I want to have an operation(Read and write) on an array,width = 256,height = 128, or even bigger, I know that if the input data is too big, then the best choose of memory is texture sometimes maybe constant, the shared memory is 16kb, but when I need read/write and high performace, can I use shared memory???
if I define the sharedata[256];
divide Grid(256,1,1),BLock(1,128,1);
Shared and constant memory are one of the fastest memory types on the GPU I think (don’t know about Textures never use them :P). And whether you put your data depends on how big the array is. Like you mentioned yourself shared memory is 16kb as constant memory is 64kb. also constant memory can not be written to from the device so if you want to write to it you need to use local, shared or tex mem. Where the size of local mem depends on how much video memory you still have.

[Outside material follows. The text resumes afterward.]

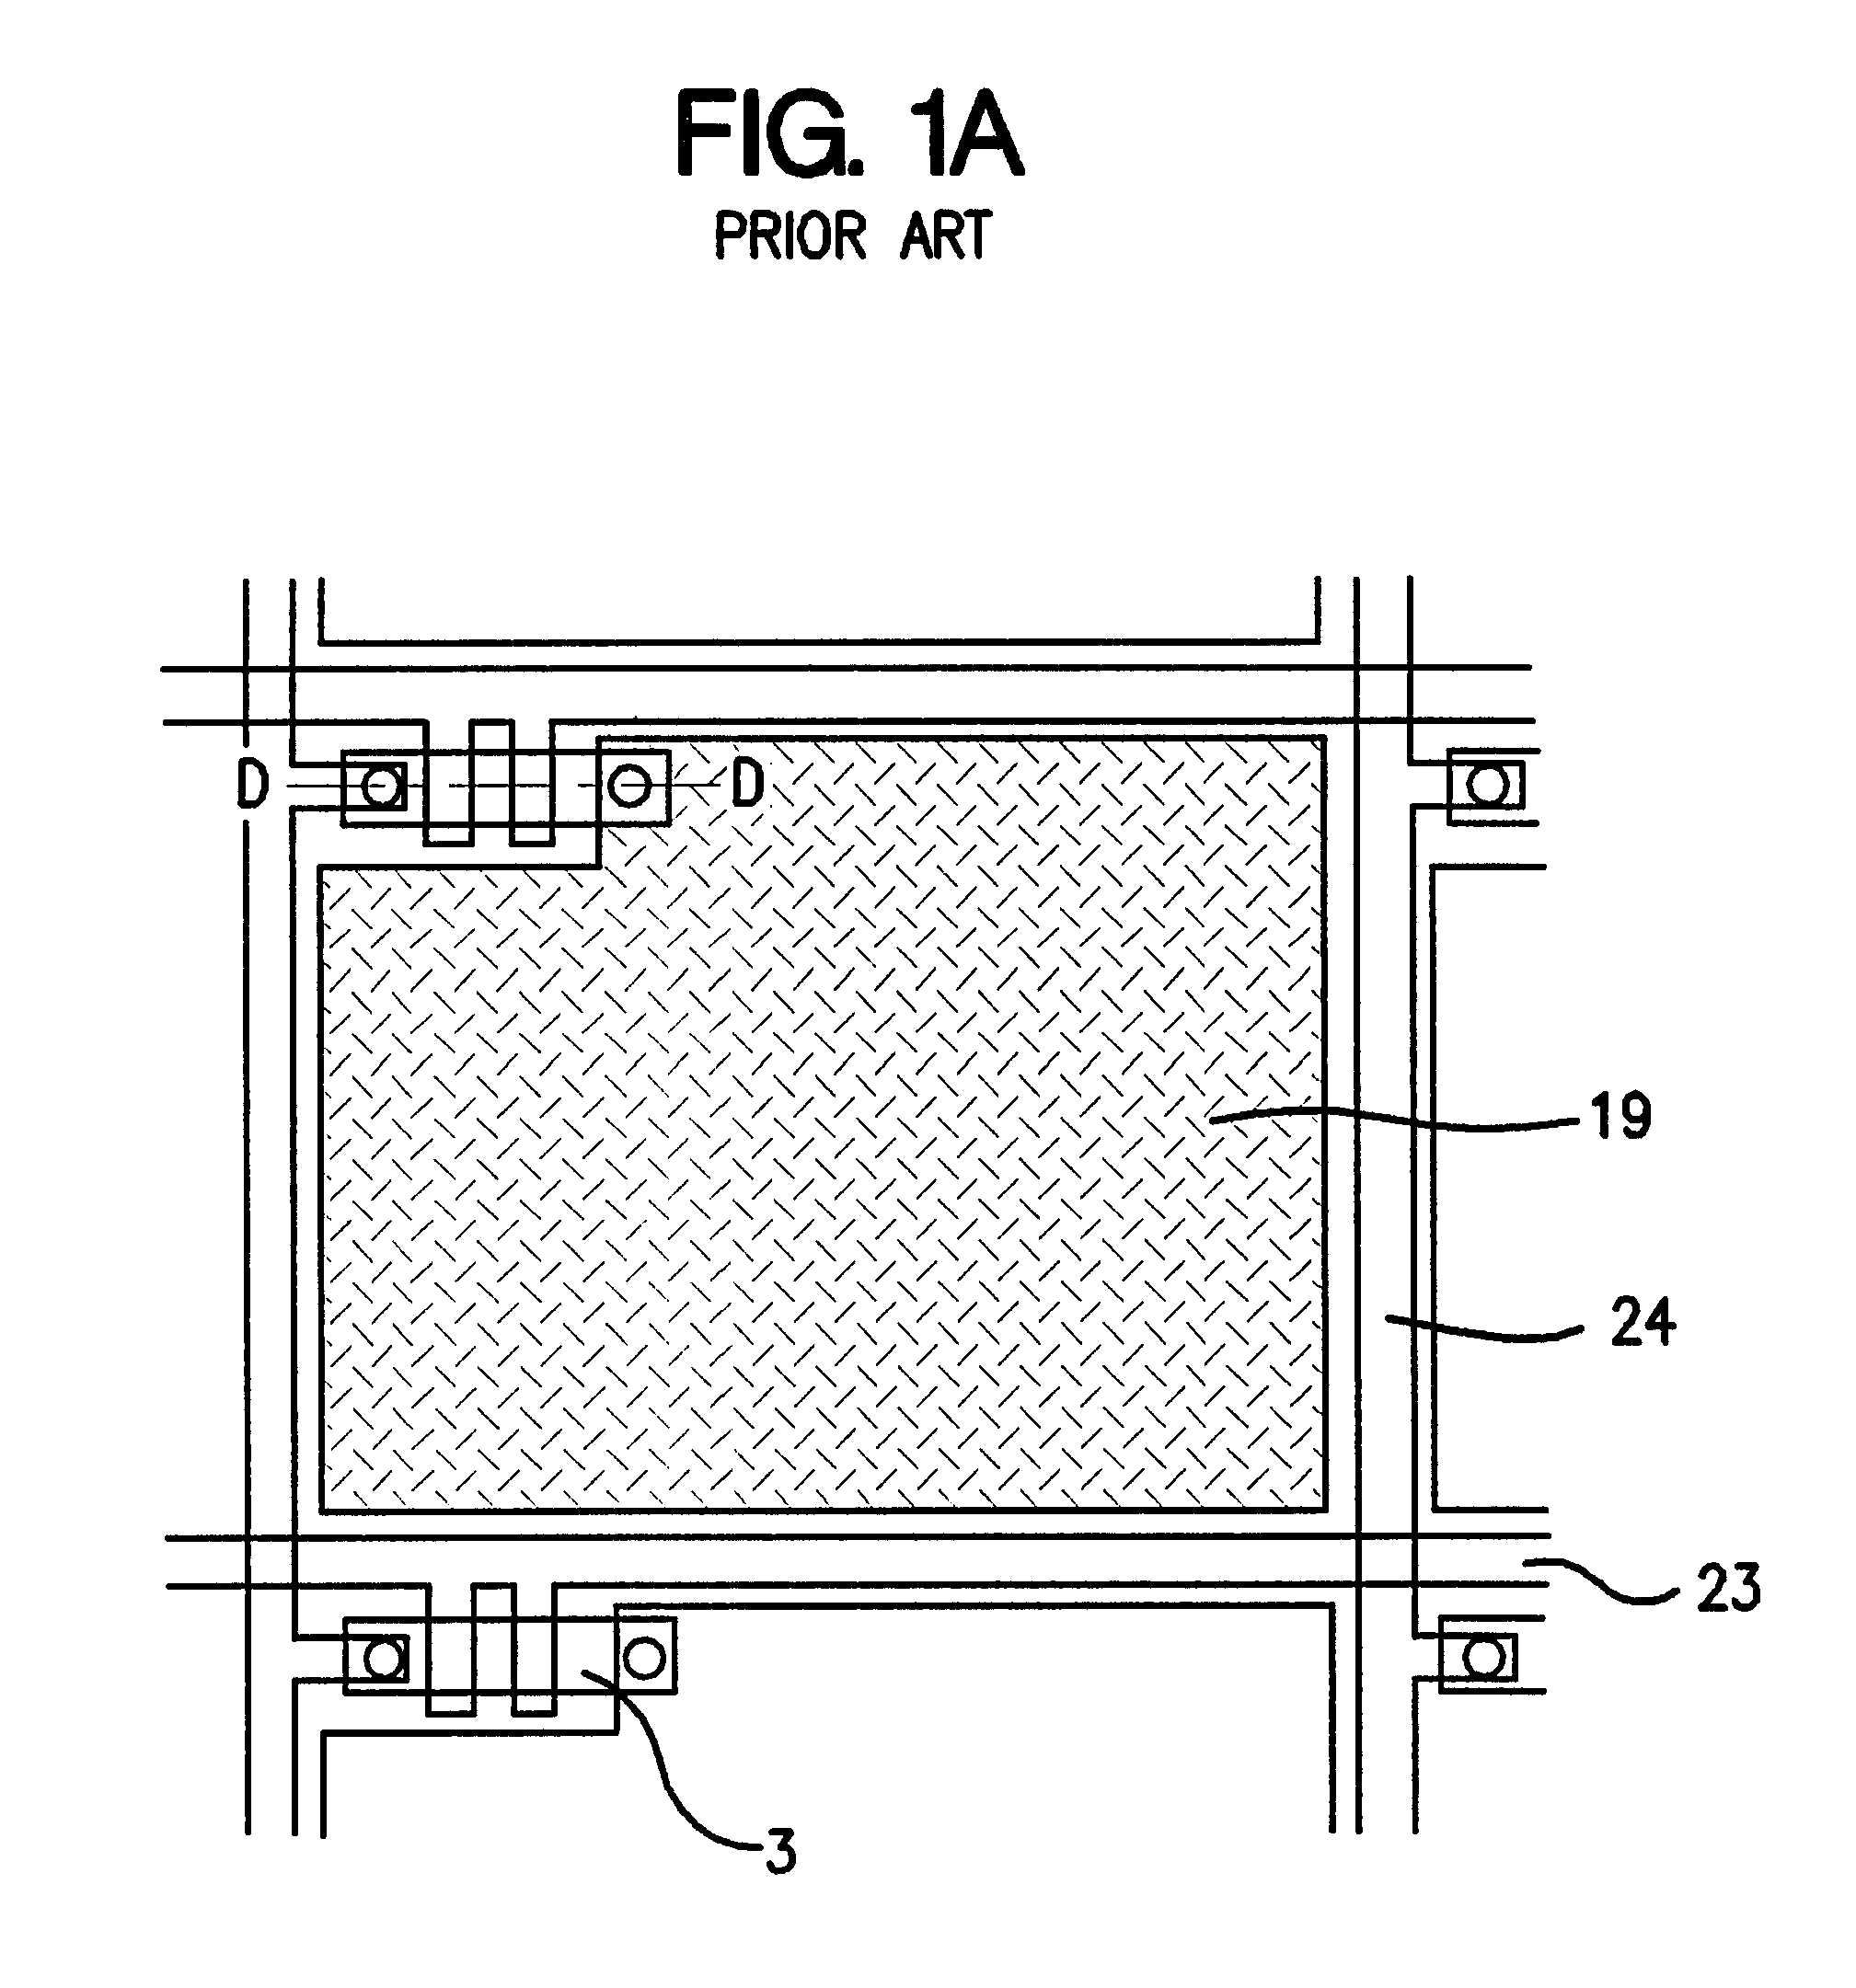 Active matrix organic EL display device and method of forming the same

The thing is, within the memory presentations of CUDA found on the ECE 498 course (Course Websites | The Grainger College of Engineering | UIUC) one of the slides mentions that using constant memory depends highly on the cache locality so can vary a lot (from 1 to 100 cycles), where as you know with shared memory it’ll only take a single cycle.
So in effect, constant memory depends a lot on the GPU’s coalescing and caching mechanism?
Constant memory always performs best when all threads in a warp access the same element of shared memory. If threads in a warp access different values in constant memory, then shared memory may be a better option.
I understand that constant is quick, but it can’t be written.
Maybe shared is a better choice,but it’s only 16kb,
the question is can I still use it(for high performance) when the size of input data is 128kb or even bigger?
Shared is 16k, but per block. If you need more read/write memory than that, then your only option is to use device memory, either as global or local. Coalescing will the the most important aspect for performance here.